A boy with many sides

By Bill Briggs and Jason Blevins
Denver Post Staff Writers

May 2 - There were the bullets - the slugs he fired into mountain pine trees last fall for fun and all those rounds he gleefully sprayed into dozens of his classmates 12 days ago. No one disputes that.

There were his racist ramblings, the Internet death lists, the bedroom-made bombs he nicknamed "Peltro" and "Pazzie." And there was that seething, secret hunger to "just kill." Those are the facts. That is the profile.

But two weeks before Eric Harris stormed Columbine High School with guns in his hands, bombs in his pockets and payback on his mind, his biggest worry was his seizure-wracked dog. The sick pooch was all he talked about on a recent date, a friend says.

Even as the clock ticked down to his long-planned, self-appointed zero hour, Harris was smiling, rolling strikes and trading happy "high fives" with other teens at their weekly Friday night bowling party. Two weeks later, some of those same kids said he was throwing the high fives with his best friend, Dylan Klebold, as they summarily executed 12 fellow students and one teacher.

At work, Harris could be a cut up, talking in funny voices and telling jokes. At school, he could be an inspired student and writer, hurling his hand in the air to offer his take on Shakespeare. He told girls they looked nice. He escorted friends to class. He gave one teacher a Christmas present. He had a contagious laugh. He talked about building a better future.

"I think he was the greatest actor I've ever known because he never showed me anything, never deviated from the character I knew - a bright, smiling kid," says friend and fellow Columbine student Jennifer LaPlante, 18.

Eric Harris was a killer, certainly cold-blooded, probably deranged. But to simply boil an 18-year-old high school senior down to a soulless, Nazi-loving monster is too easy, too clean. It misses the point: If most kids have two sides, Harris had 10 - some charming, some spiteful, one lethal.

What made him snap? Was it his rejection by the Marine Corps five days before the April 20 massacre?
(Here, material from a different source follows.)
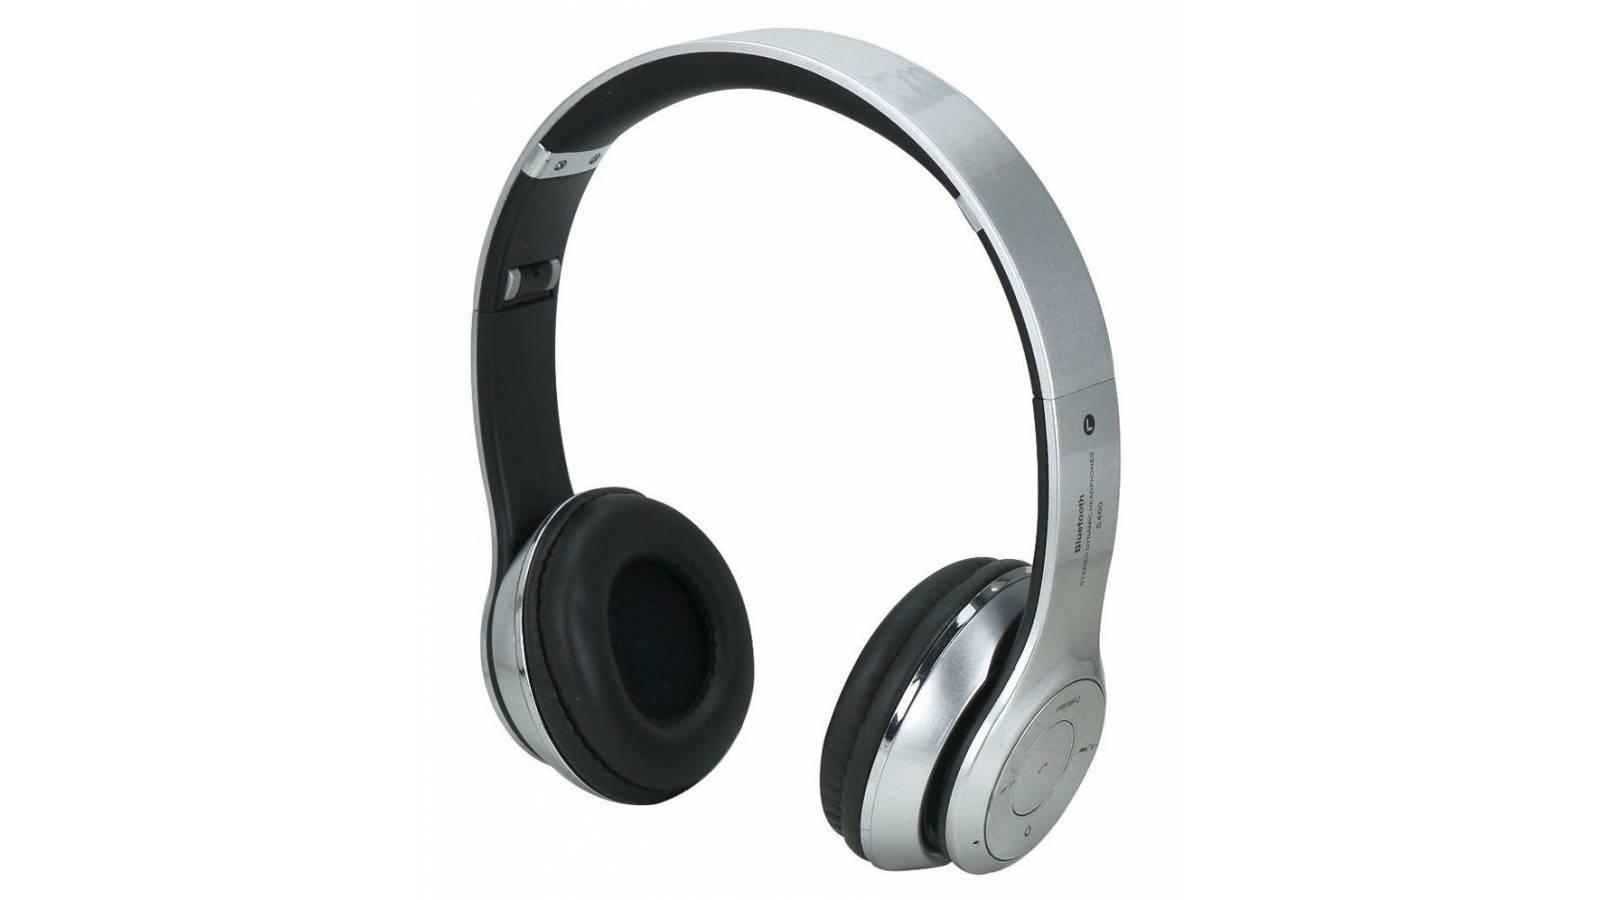 Auriculares / Auricular Inalambrico GS-460 a Bateria Bluetooth microSD FM

Was it a decision before the shootings to stop taking his anti-psychotic drugs? Was it years of schoolyard taunts? Was it life under the shadow of a successful brother or a decorated military father? Answers to these questions might explain the unexplainable.

But his parents, Wayne and Katherine Harris, have declined repeated interview requests from The Denver Post. They left their home in unincorporated Jefferson County after the shootings, hired an attorney and urged their friends and co-workers to avoid reporters. They also have refused to talk with investigators unless granted immunity.
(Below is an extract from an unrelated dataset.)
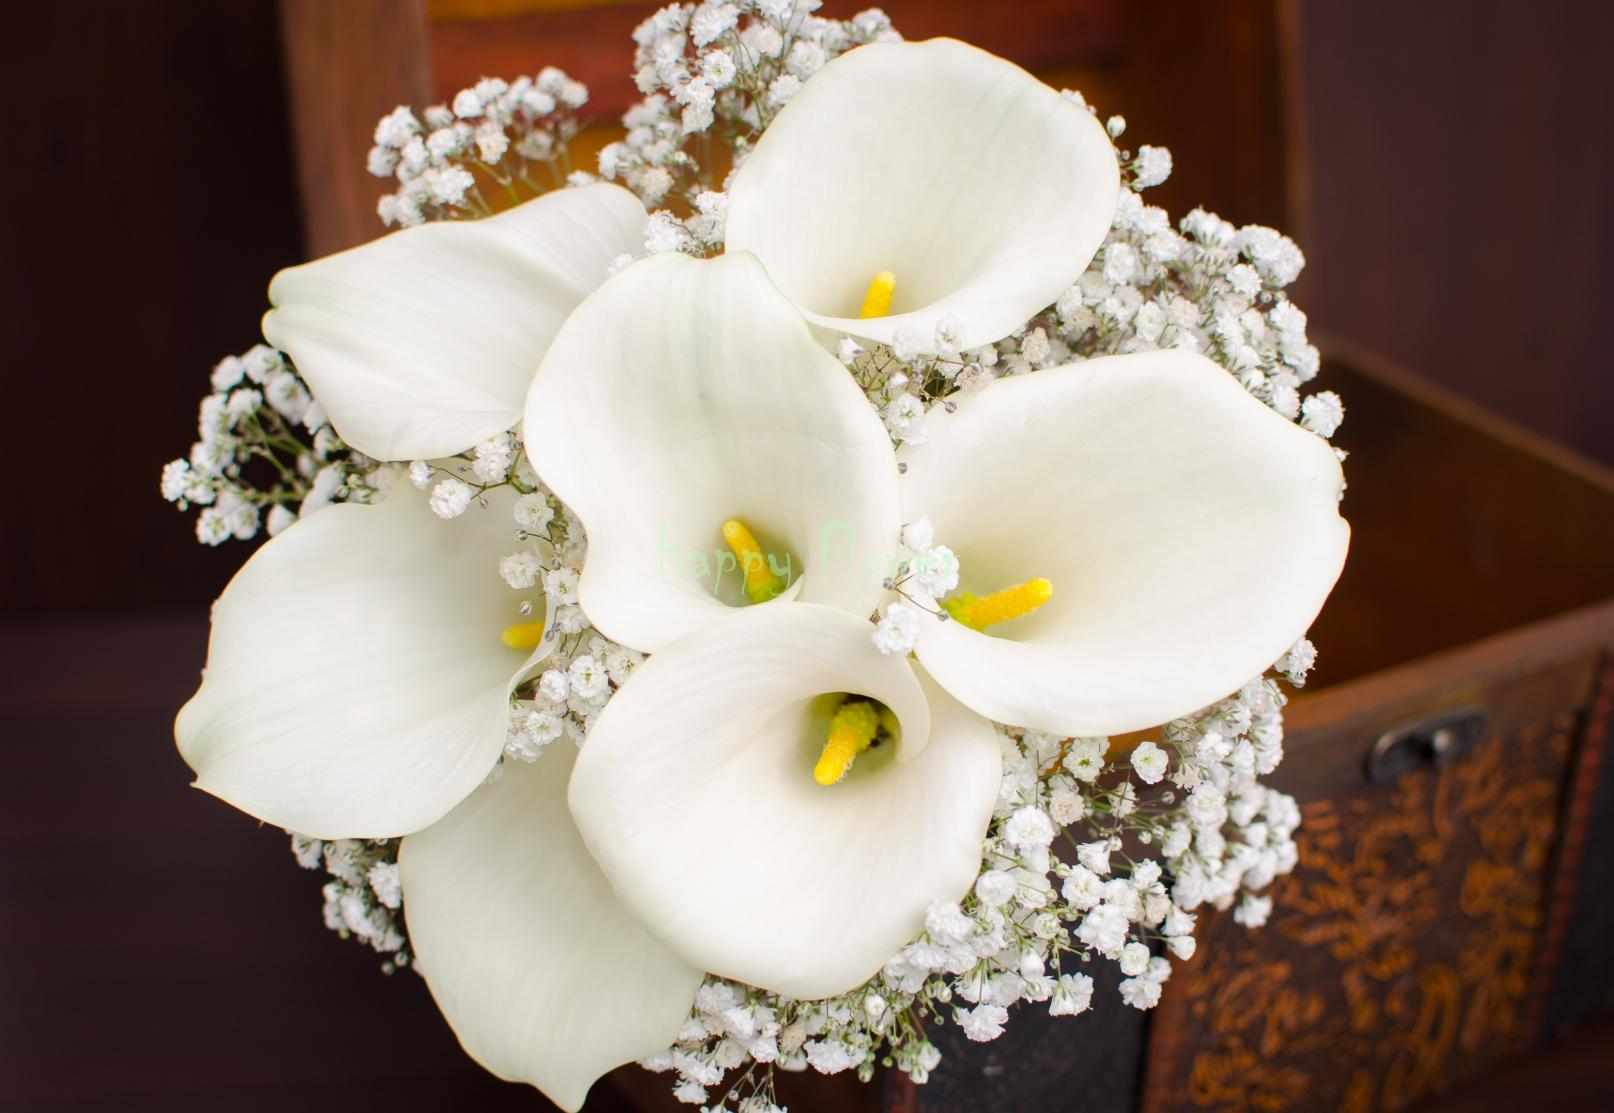 Buchet De Mireasa Cu 7 Cale Albe Si Floarea Miresei Happy Flower

Interviews with more than two dozen close friends and classmates offer a chilling portrait of an outwardly normal but shy teenager who suddenly careened into a world of hate and violence.

Eric David Harris was born on April 9, 1981, in Wichita, Kan., where his dad was working at the Boeing Military Airplane Co. Wayne Harris already was an officer and a heavily decorated pilot lauded for a cool hand during airborne refueling missions.

In 1983, Wayne and Kathy and their sons, Kevin, then 5, and Eric, moved to Beavercreek, Ohio, where Harris flew for the 4952nd Test Squadron at Wright Air Force Base.

Eric attended first and second grade at Valley Elementary School in Beavercreek and his father continued collecting medals. Harris' flying "skill and leadership" helped in the testing of strategic missile and space systems, Air Force records show. He earned the meritorious service medal, four oak leaf clusters, two bronze service stars and an award for small arms marksmanship.

His youngest boy would aspire to be a military man too, but would also develop a twisted love for combat gore and battlefield violence.

In 1989, Wayne Harris, still flying KC-135 refueling tankers, was transferred to the Wurtsmith Air Force base in Oscoda, Mich., a small city near the shore of Lake Huron. Instead of living on base, he bought a two-story, Cape Cod-style home in a comfortable subdivision next to Cedar Lake.

"I just remember they wanted the children to have a normal, off-base relationship in a normal community," says the Rev. Bill Stone, a pastor who lived across the street. "They were just great neighbors - friendly, outgoing, caring."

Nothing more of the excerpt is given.